** Opening DATA SHOWN block **

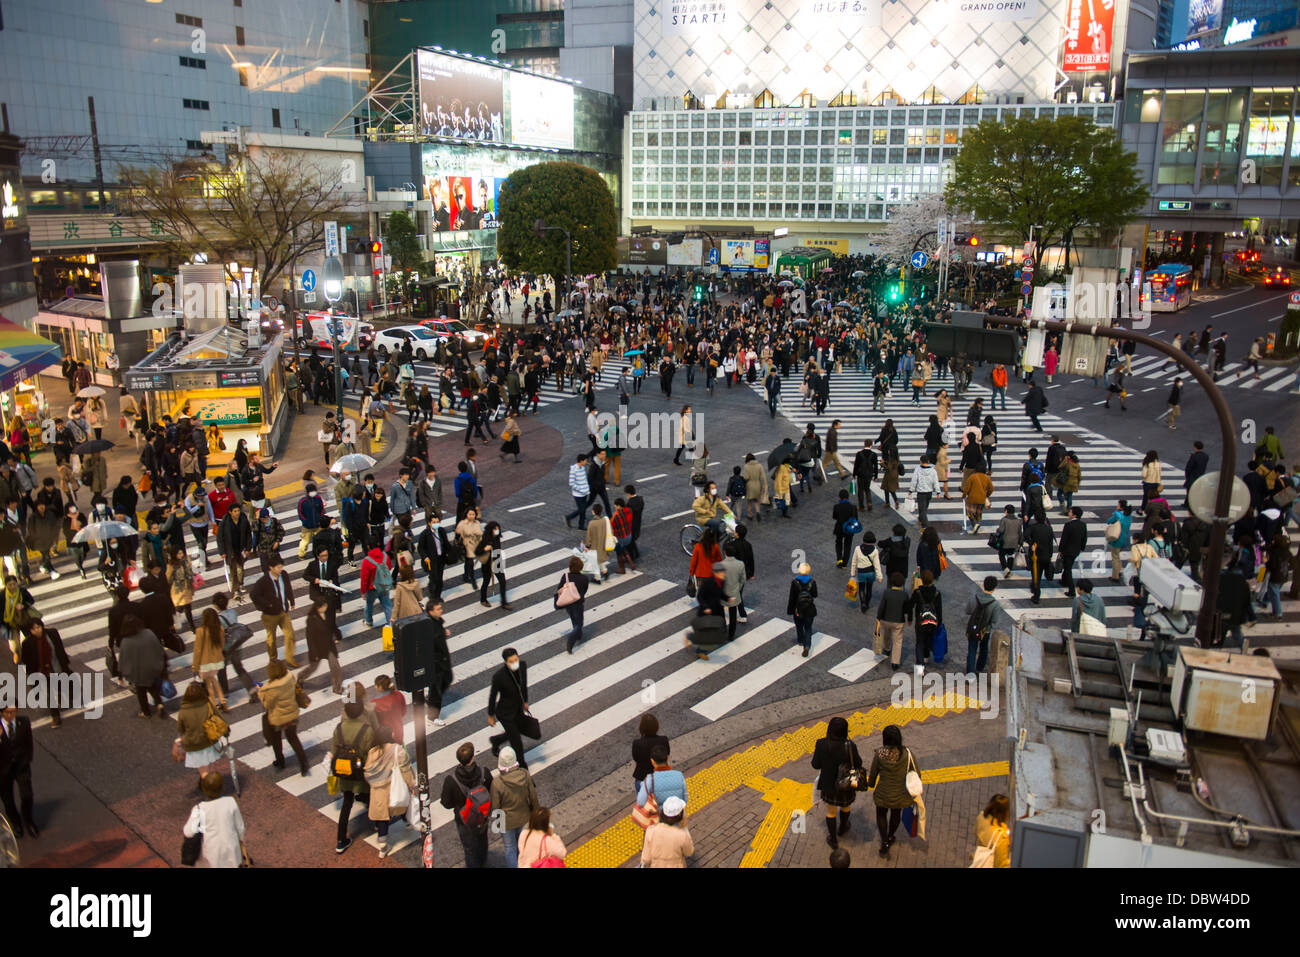 People crossing the busiest street crossing, Shibuya crossing, Tokyo, Japan, Asia Stock Photo
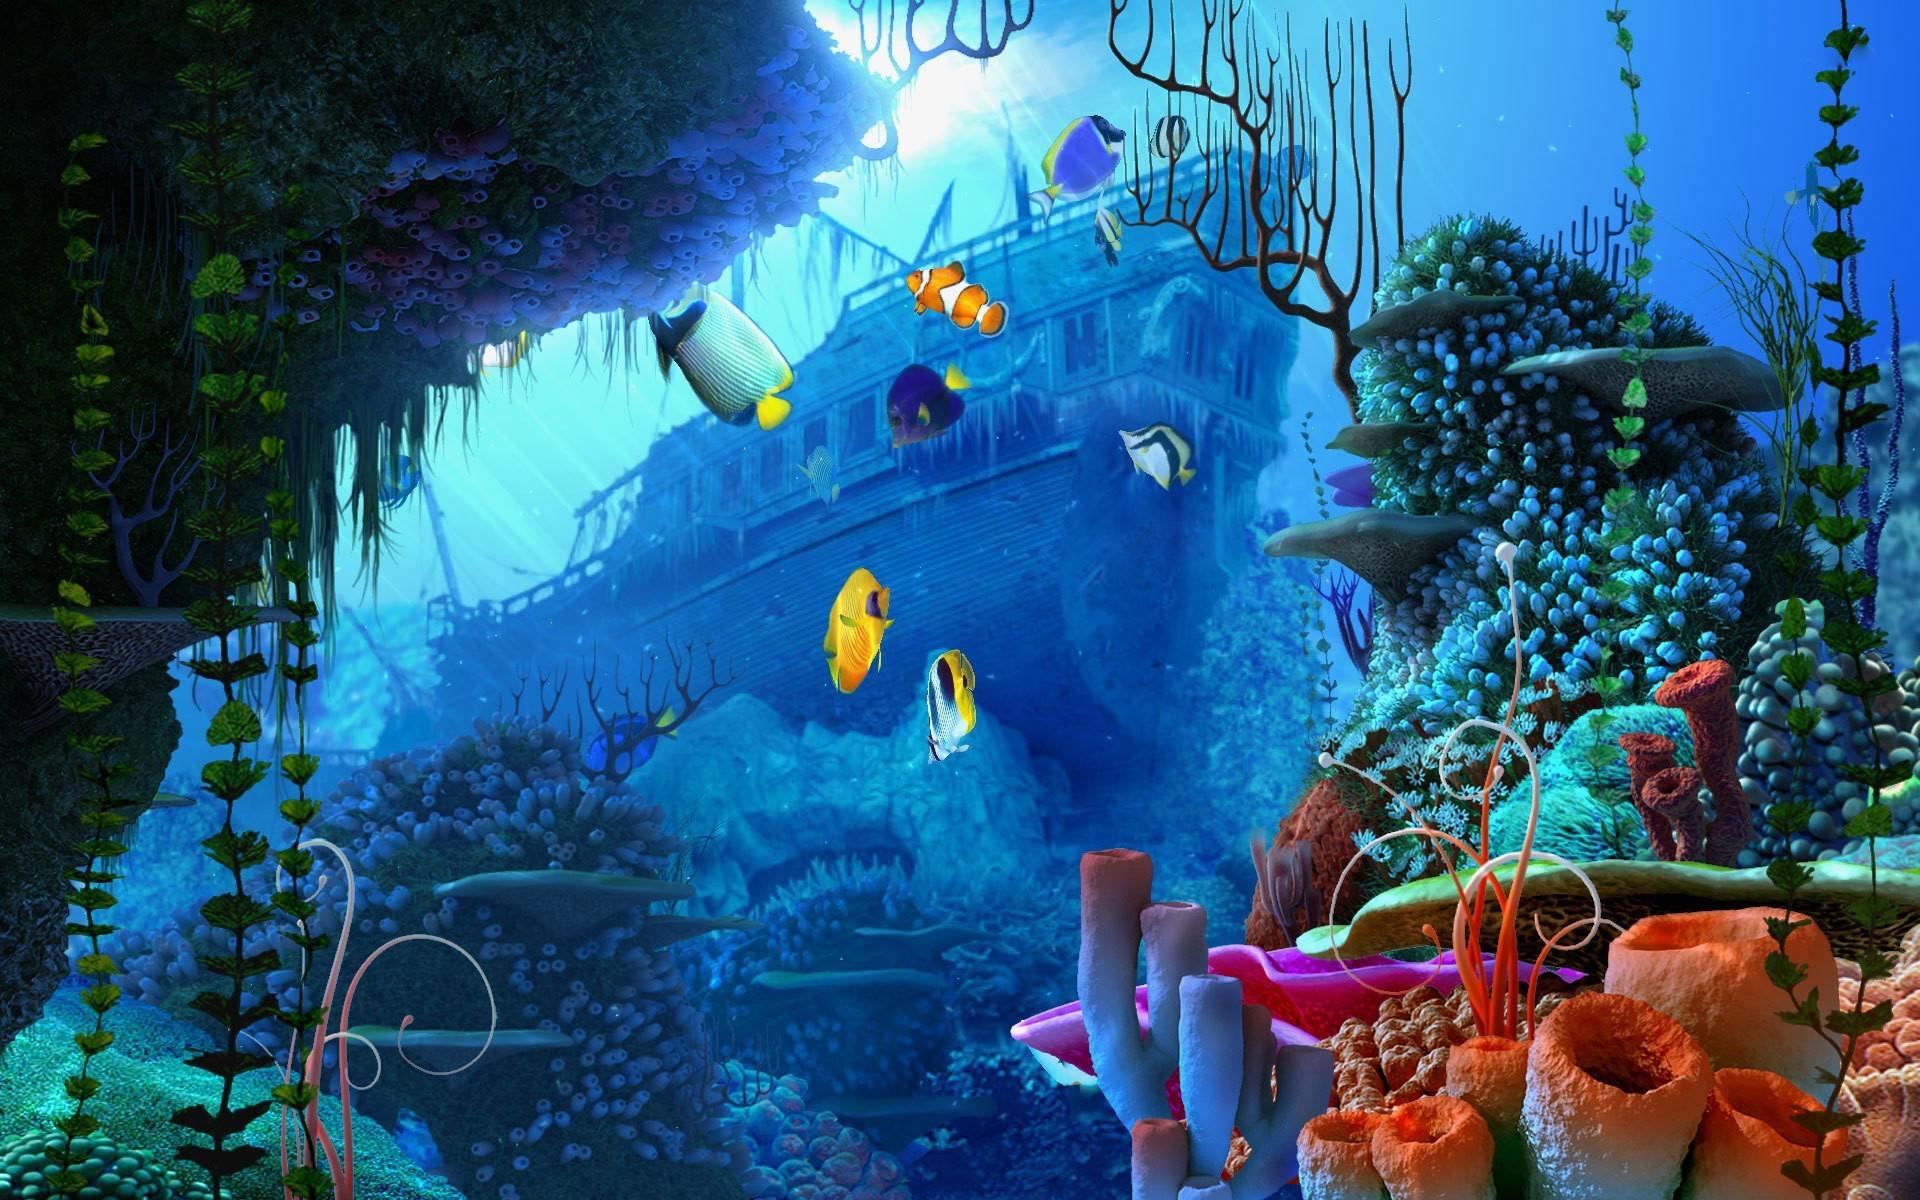 Hình nền động vật dưới nước cho PC: Đẹp và rõ nét trên màn hình máy tính của bạn, hình nền động vật dưới nước này sẽ mang đến cho bạn cảm giác thư thái và sảng khoái. Trải nghiệm cuộc sống dưới đại dương trong tầm nhìn rộng lớn của bạn, và thực sự cảm thấy được rằng đó thật là một cuộc phiêu lưu tuyệt vời.
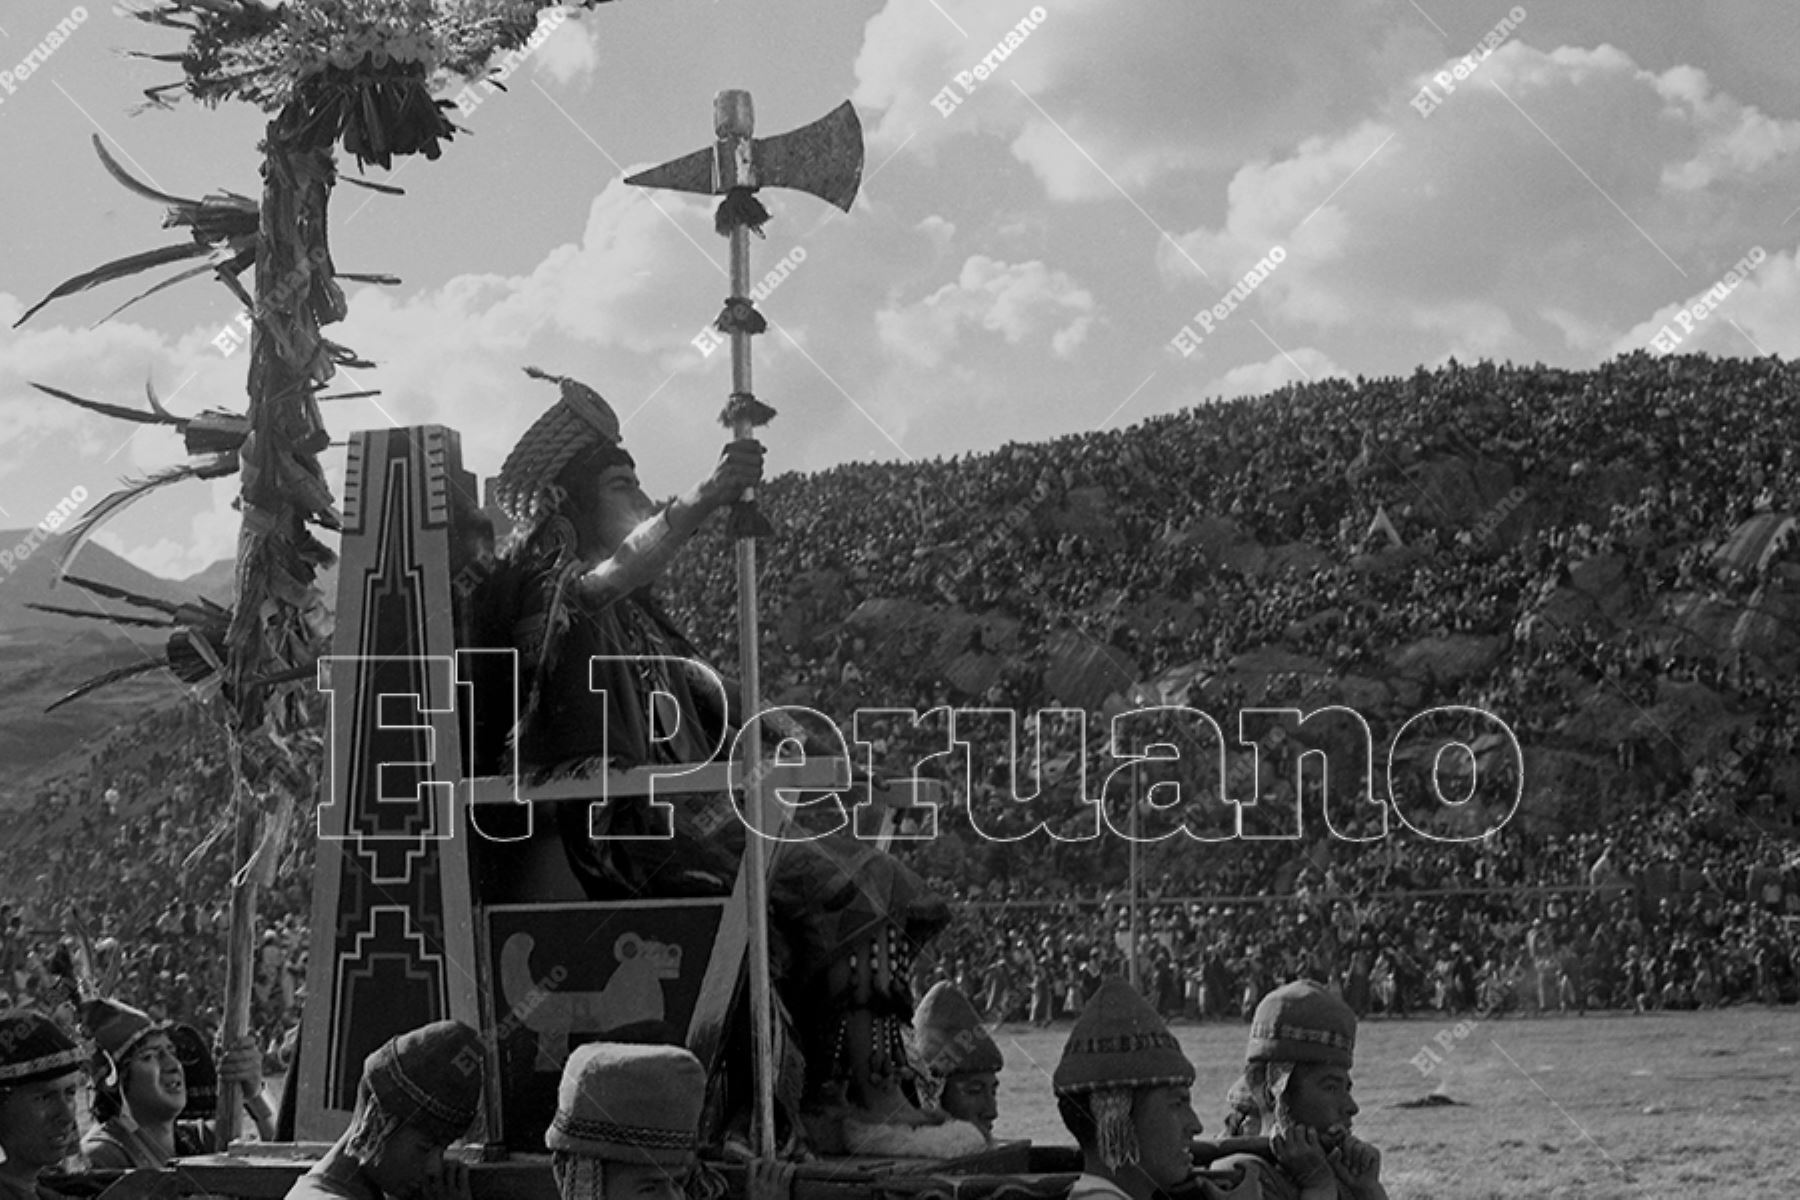 Cusco - 24 junio 1975 / Celebración del Inti Raymi o Fiesta del Sol en la explanada de la fortaleza de Sacsayhuamán. Foto: Archivo Histórico de El Peruano / Oswaldo Sánchez
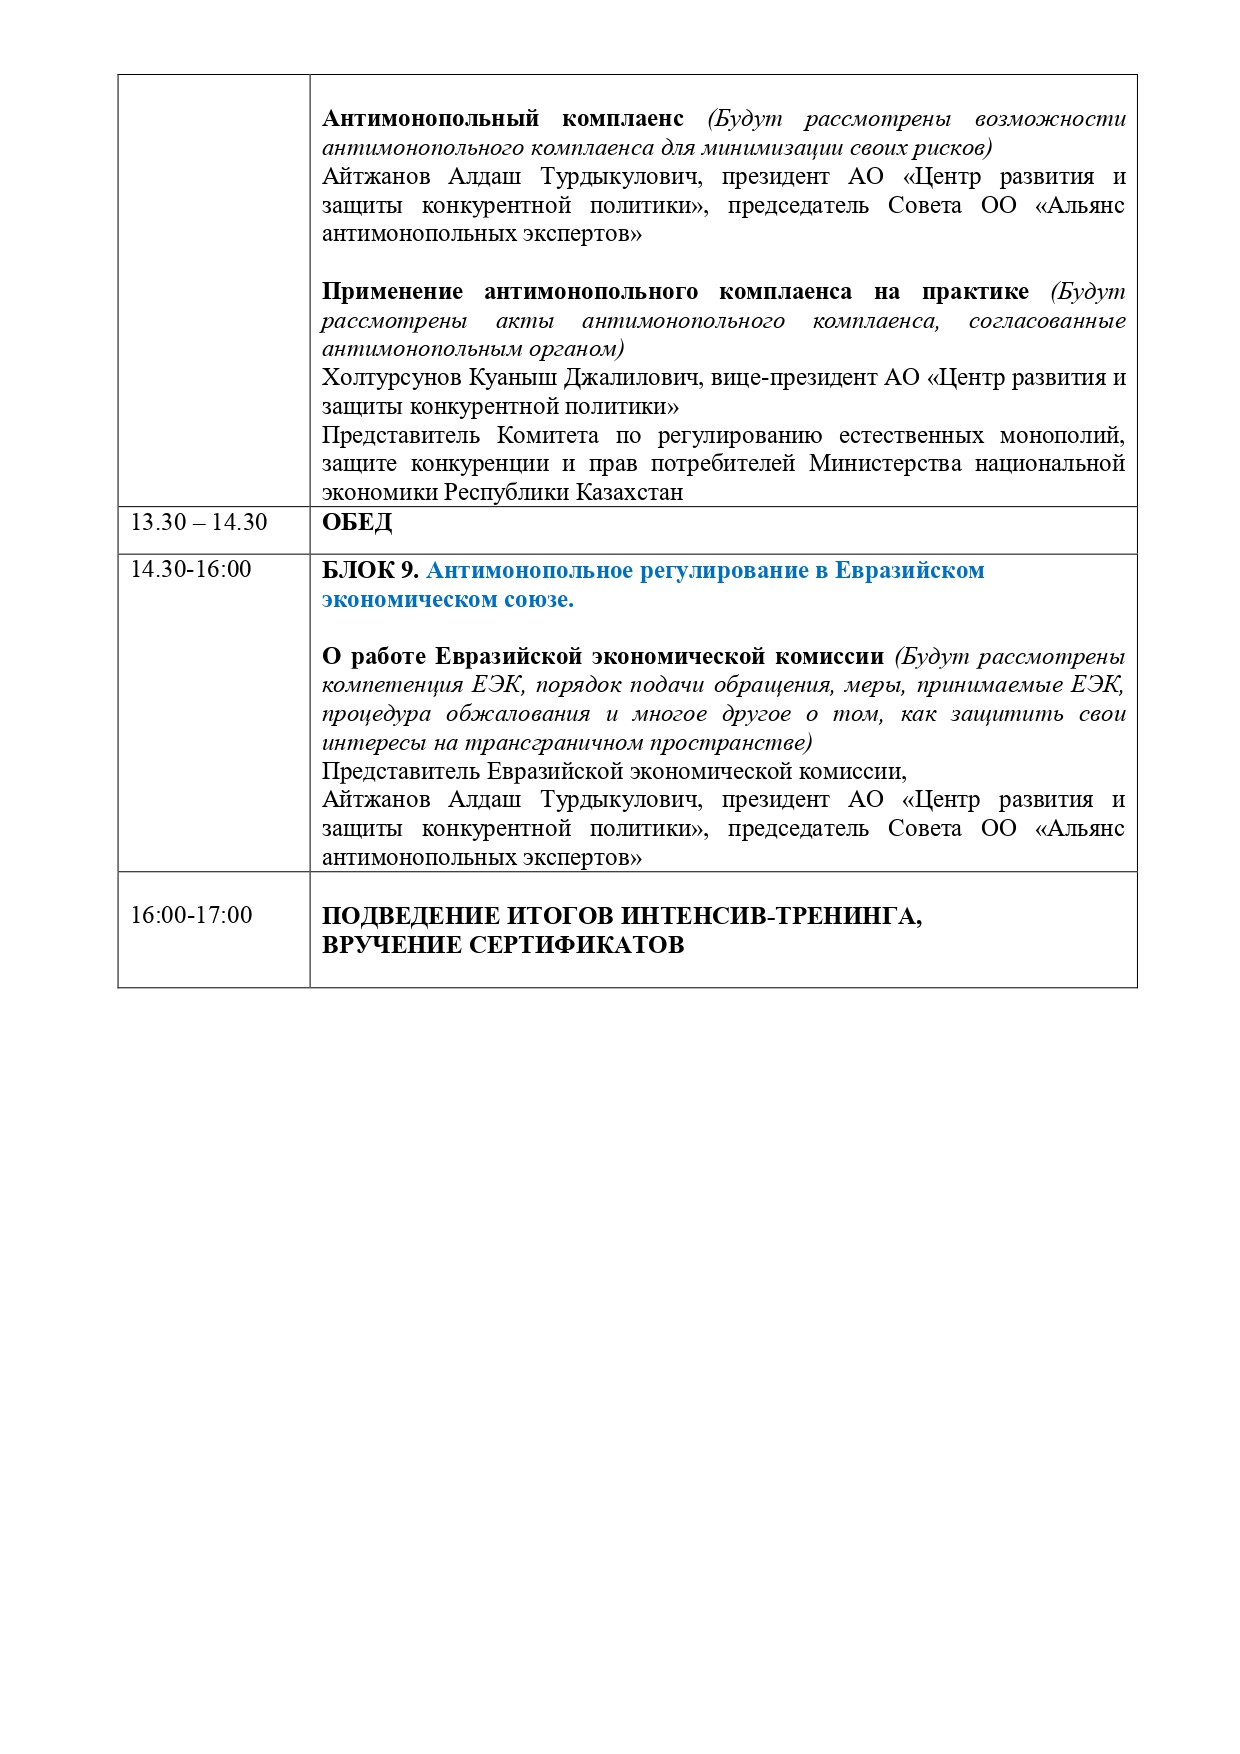 ПРОГРАММА  интенсив-тренинг повышения квалификации по вопросам антимонопольного законодательства Республики Казахстан и Евразийского экономического союза

** Closing DATA SHOWN block **

→ **WORK INSTRUCTION**
Copy the listing exactly. Any image in it stays out of the copy.

→ **TASK RESPONSE**
 People crossing the busiest street crossing, Shibuya crossing, Tokyo, Japan, Asia Stock Photo
 Hình nền động vật dưới nước cho PC: Đẹp và rõ nét trên màn hình máy tính của bạn, hình nền động vật dưới nước này sẽ mang đến cho bạn cảm giác thư thái và sảng khoái. Trải nghiệm cuộc sống dưới đại dương trong tầm nhìn rộng lớn của bạn, và thực sự cảm thấy được rằng đó thật là một cuộc phiêu lưu tuyệt vời.
 Cusco - 24 junio 1975 / Celebración del Inti Raymi o Fiesta del Sol en la explanada de la fortaleza de Sacsayhuamán. Foto: Archivo Histórico de El Peruano / Oswaldo Sánchez
 ПРОГРАММА  интенсив-тренинг повышения квалификации по вопросам антимонопольного законодательства Республики Казахстан и Евразийского экономического союза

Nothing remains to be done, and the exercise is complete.